Lucky

Our dad considered himself a lucky person. Oh yes, he had gone through the Great Depression, and he had fought in the Second World War. He was married to my mother, the unpredictable Mary and later he found and married the sarcastic and difficult Beatrice;  however, he still considered his life a lucky one. He always said:

Your mother never kept me from going to college and law school.

Of course, he never mentioned that she never offered any significant help either. He was diagnosed with Polycystic Kidney Disease and yet he said:

We’re lucky.  We have the best kidney disease you can have.  It doesn’t cause problems for people until late middle age.

I guess Lucky is all in how you look at it.

Every summer, we would spend time at the Christian County Fair and many times Dad aka Mr. Lucky would win some “fabulous” prize. One time my mother had accompanied us and when Dad won a giant lavender teddy bear for me, she insisted he try for the exact same prize for my sister. Dad spent several hundred dollars playing the game, but it was no dice (and no teddy bear!). My mother simply could not understand why he was not able to duplicate his earlier success.

I guess she didn’t realize the games were rigged.
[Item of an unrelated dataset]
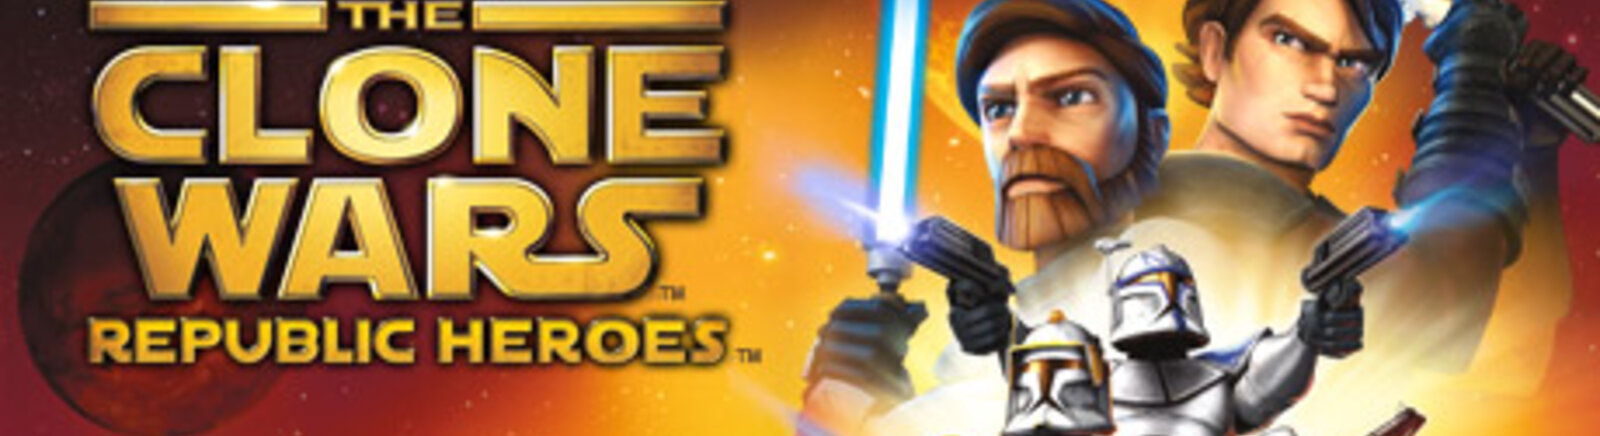 Дата выхода Star Wars: The Clone Wars - Republic Heroes  на PC, PS3 и Xbox 360 в России и во всем мире

Another time, my sister and I were with my dad and he won a parakeet. Once he captured his prize and we continued walking along the midway, the carnival barkers would shout out, “Hey Lucky.” We heard that so many times that when we got home we named the bird “Lucky.”

Unfortunately, the bird was not too lucky.  My sister and I forgot to give it water and it died one night.

Dad, of course, continued on his lucky adventures at the county fair. His next prize was a cute little baby duck. He became so attached to the darn thing that he created a home for the duck in an old grandfather clock box. Dad kept the duck alive all winter and planned to release it in the spring. Unfortunately, his duck contracted some duck malady and died before he could release back to the wild. So the bird did not have an abundance of good luck.

I guess that is one of the big lessons Dad taught us. Life is all about perceptions. If you believe you are lucky, then you are. If you think life is good, then it is. My sister and I have had a good life, and we hope you do too.